Combine single chromosomes download from NCBI. Convert the NC_* code to chr* code
NC_006088.5 => chr1

Parameters

./combineNCBIGenome.py chr1.fasta chr2.fasta chr3.fasta... > outFile.fa

Return

A combined genome file with chr* code

Functions

GAP.init(genomeCoorBedFile, seqFn="", showAttr=True, rem_tVersion=False, rem_gVersion=False)

Features

Init a GAP object from *.genomeCoor.bed file

Parameters

genomeCoorBedFile   -- A *.genomeCoor.bed file produced by parseGTF.py
seqFn               -- Transcriptome fasta file produced by parseGTF.py
showAttr            -- Show an example
rem_tVersion        -- Remove version information. ENST000000022311.2 => ENST000000022311
rem_gVersion        -- Remove version information. ENSG000000022311.2 => ENSG000000022311

Return

GAP object

initGTF(AnnotationGTF, source, genomeFile="", showAttr=True, rem_tVersion=False, rem_gVersion=False, verbose=False)

Features

Init a GAP object from GTF/GFF3 file

Parameters

AnnotationGTF       -- Ensembl/Gencode GTF file or NCBI GFF3 file
genomeFile          -- Genome file
source              -- Gencode/Ensembl/NCBI
showAttr            -- Show an example
rem_tVersion        -- Remove version information. ENST000000022311.2 => ENST000000022311
rem_gVersion        -- Remove version information. ENSG000000022311.2 => ENSG000000022311
verbose             -- Show process information

Return

GAP object

addSeq(seqFileName, remove_tid_version=False)

Features

If the sequence is not provided when init a GAP object, add the sequence to it.

Parameters

seqFileName         -- Transcriptome fasta file produced by parseGTF.py
remove_tid_version  -- Remove version information.
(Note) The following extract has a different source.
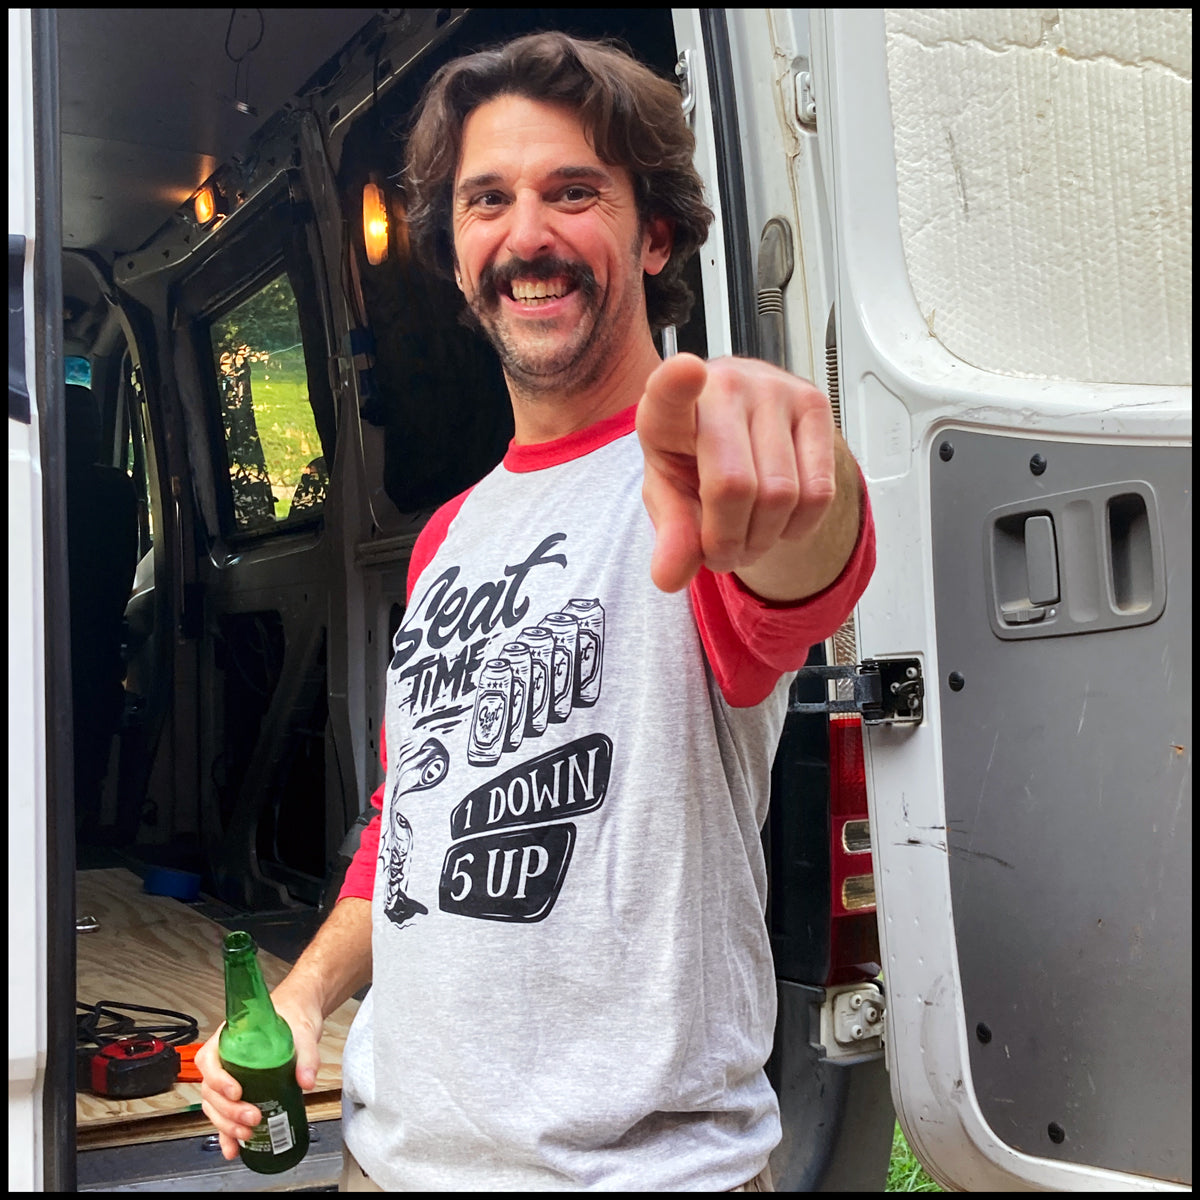 Lifestyle shot of Brian Pierce, the Purveyor of Awesome himself, showing off the One Down Five Up Raglan Shirt

ENST000000022311.2 => ENST000000022311

Return

No

getTransFeature(transID, showAttr=False, verbose=True)

Features

Get transcript features given the transcript id

Parameters

transID             -- Transcript ID
showAttr            -- Show an example
verbose             -- Print the warning information when transcript not found

Return

Return a dictionary:
    chr             -- Genome chromosome
    strand          -- + or -
    start           -- Genome start
    end             -- Genome end
    
    gene_name       -- Gene symbol
    gene_id         -- Gene id
    gene_type       -- Gene type
    
    trans_len       -- Transcript length
    
    utr_5_start     -- Transcript-based start site of 5'UTR
    utr_5_end       -- Transcript-based end site of 5'UTR
    cds_start       -- Transcript-based start site of CDS
    cds_end         -- Transcript-based end site of CDS
    utr_3_start     -- Transcript-based start site of 3'UTR
    utr_3_end       -- Transcript-based end site of 3'UTR
    
    exon_str        -- Genome-based exon string

getGeneParser(showAttr=True)

Features

Get gene parser with gene informations

Parameters

showAttr            -- Show an example

Return

Return a list of dictionaries:
    { geneID => { ... }, ... } includes
        chr         -- Genome chromosome
        strand      -- + or -
        start       -- Genome start
        end         -- Genome end
        
        gene_name   -- Gene symbol
        gene_type   -- All transcript types
        
        length      -- Gene length (end-start+1)
        
        transcript  -- All transcripts belong to this gene

getGeneIntron(geneID)

Features

Get genome-based intron corrdinates of given gene

Parameters

geneID              -- Gene id

Return

Get introns of all transcripts of this gene:
            { transID => [[intron1_start, intron1_end], [intron2_start, intron2_end], [intron3_start, intron3_end]],... }

getGeneExon(geneID)

Features

Get genome-based exon corrdinates of given gene

Parameters

geneID              -- Gene id

Return

Get exons of all transcripts of this gene:
            { transID => [[exon1_start, exon1_end], [exon2_start, exon2_end], [exon3_start, exon3_end]...],... }

geneCoor2genomeCoor(geneID, pos)

Features

Convert gene-based coordinates to genome-based coordinates

Parameters

geneID              -- Gene id
pos                 -- Gene-based position

Return

Return: [chrID, chrPos, Strand]

genomeCoor2geneCoor(chrID, start, end, strand)

Features

Convert genome-based coordinates to gene-based coordinates

Parameters

chrID               -- Chromosome id
start               -- Chromosome-based start position
end                 -- Chromosome-based end position
strand              -- Chromosome strand

Return

Return [ [chrID, chrStart, chrEnd, geneID, geneStart, geneEnd], ... ]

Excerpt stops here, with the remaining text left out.